● **What you are asked to do**:
Exactly as they appear below, repeat the lines from the one with "JVmoebel Sofa Braun-grüne" through the one with "Keep calm and", and no others.

● **Recorded data**:
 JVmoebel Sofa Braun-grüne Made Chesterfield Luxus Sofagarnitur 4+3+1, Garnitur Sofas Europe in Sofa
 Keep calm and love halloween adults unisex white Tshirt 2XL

...

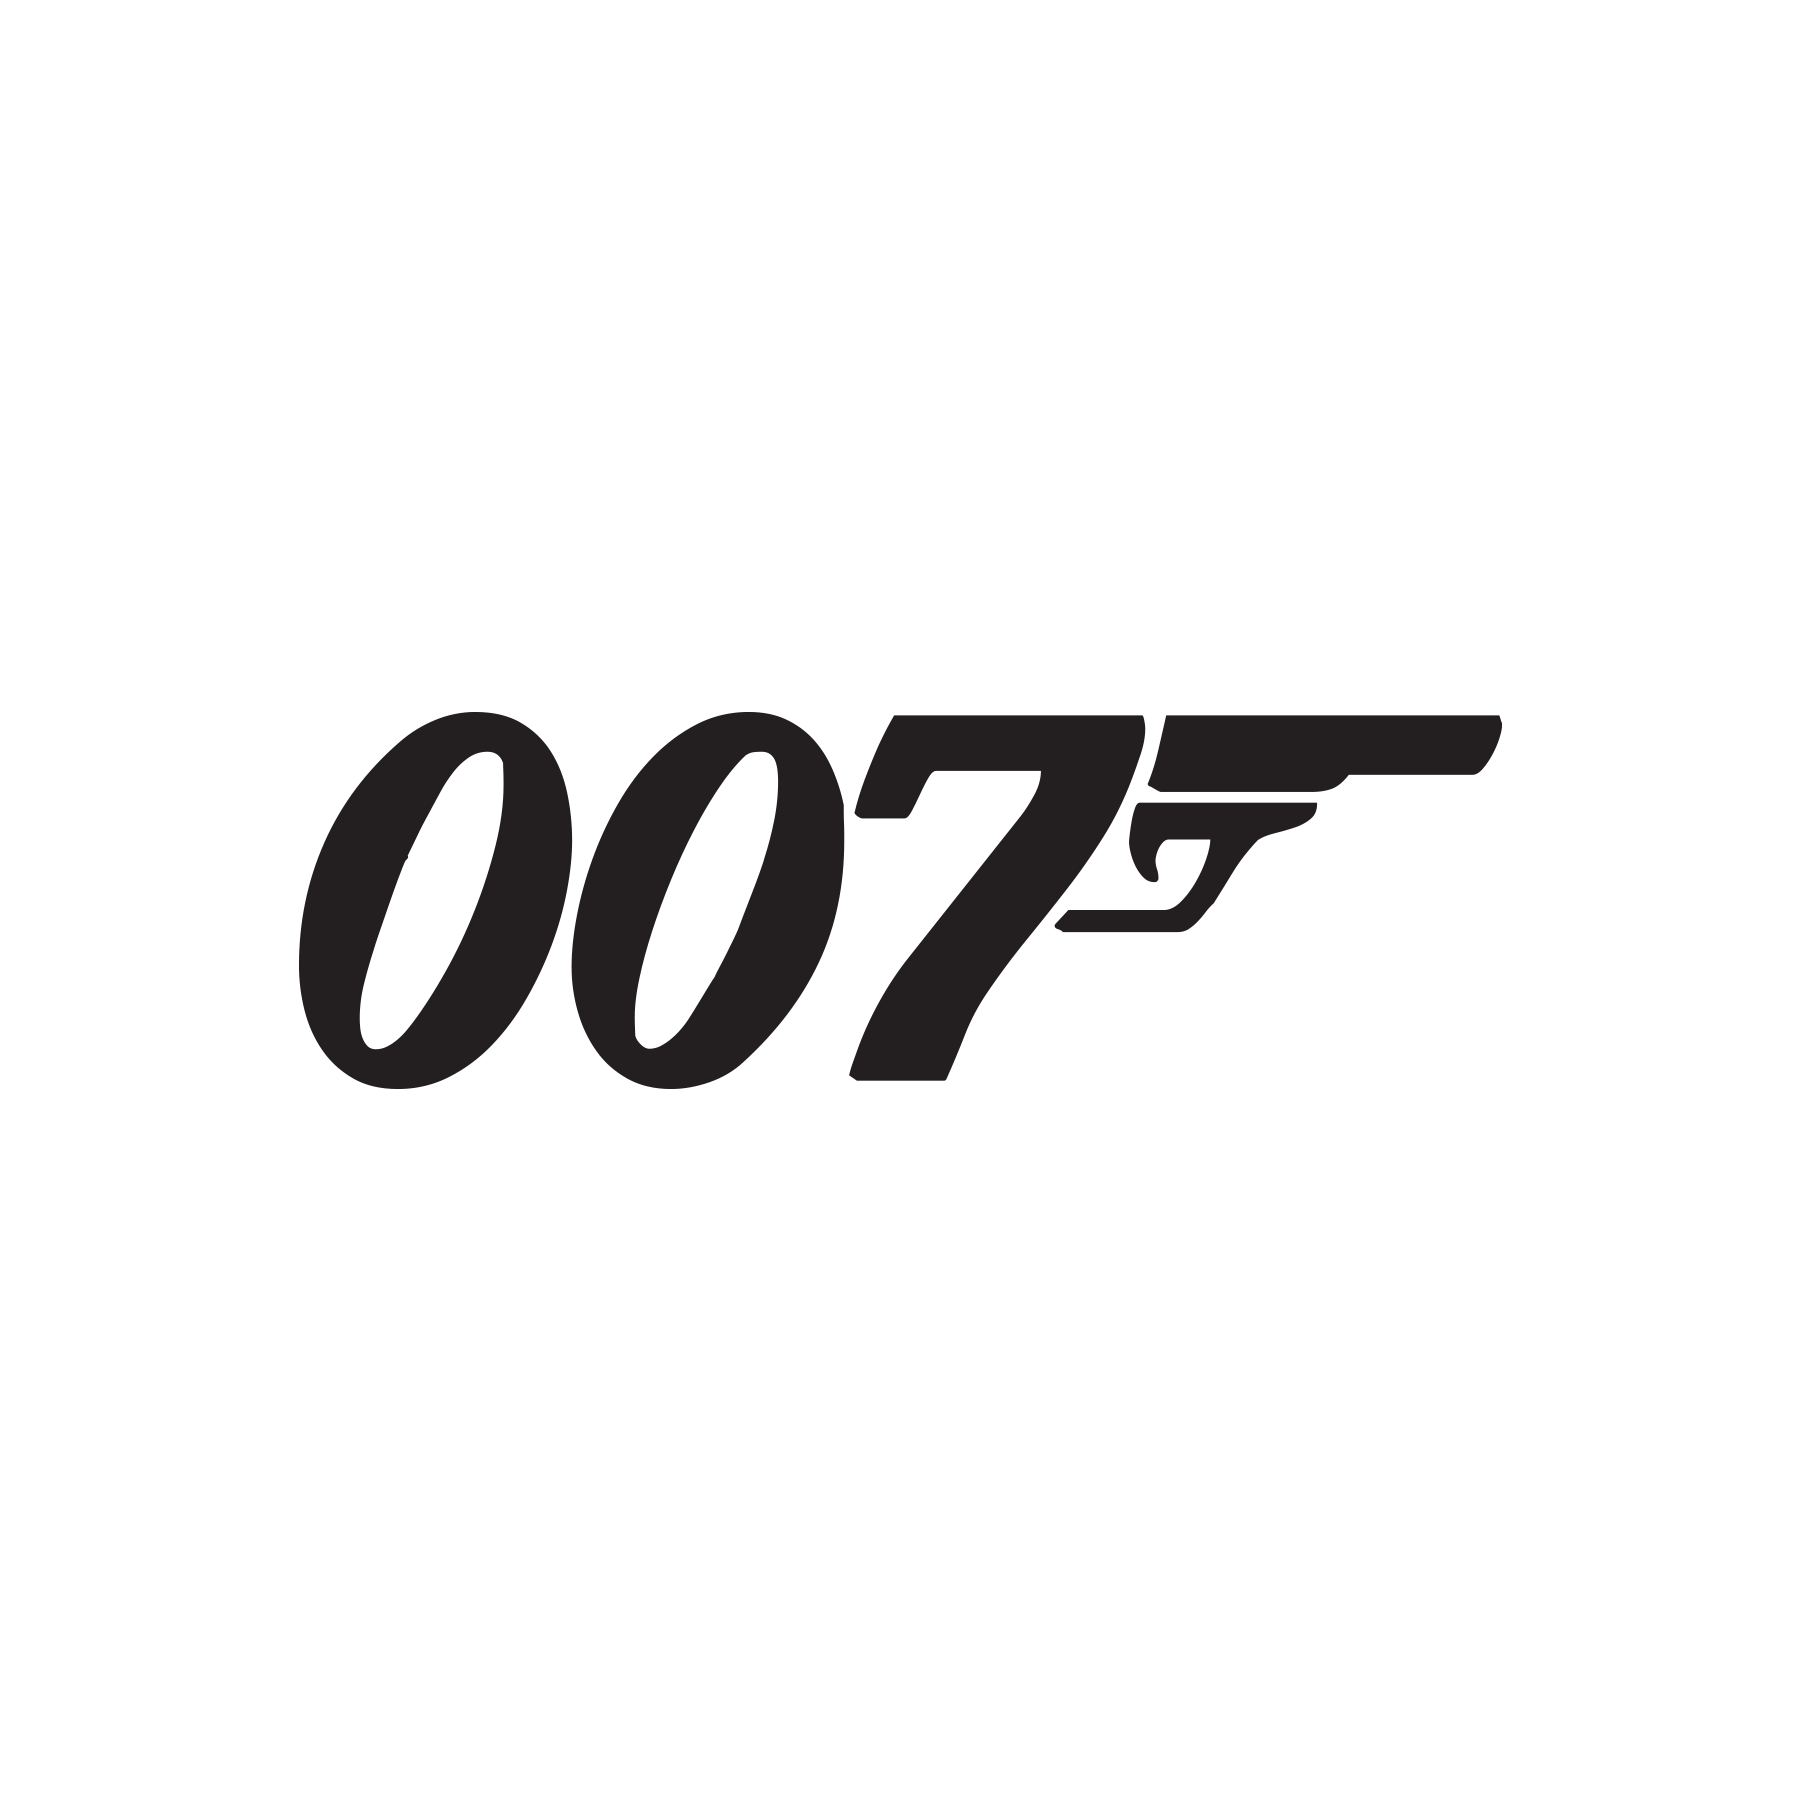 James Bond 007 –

● **Task response**:
 JVmoebel Sofa Braun-grüne Made Chesterfield Luxus Sofagarnitur 4+3+1, Garnitur Sofas Europe in Sofa
 Keep calm and love halloween adults unisex white Tshirt 2XL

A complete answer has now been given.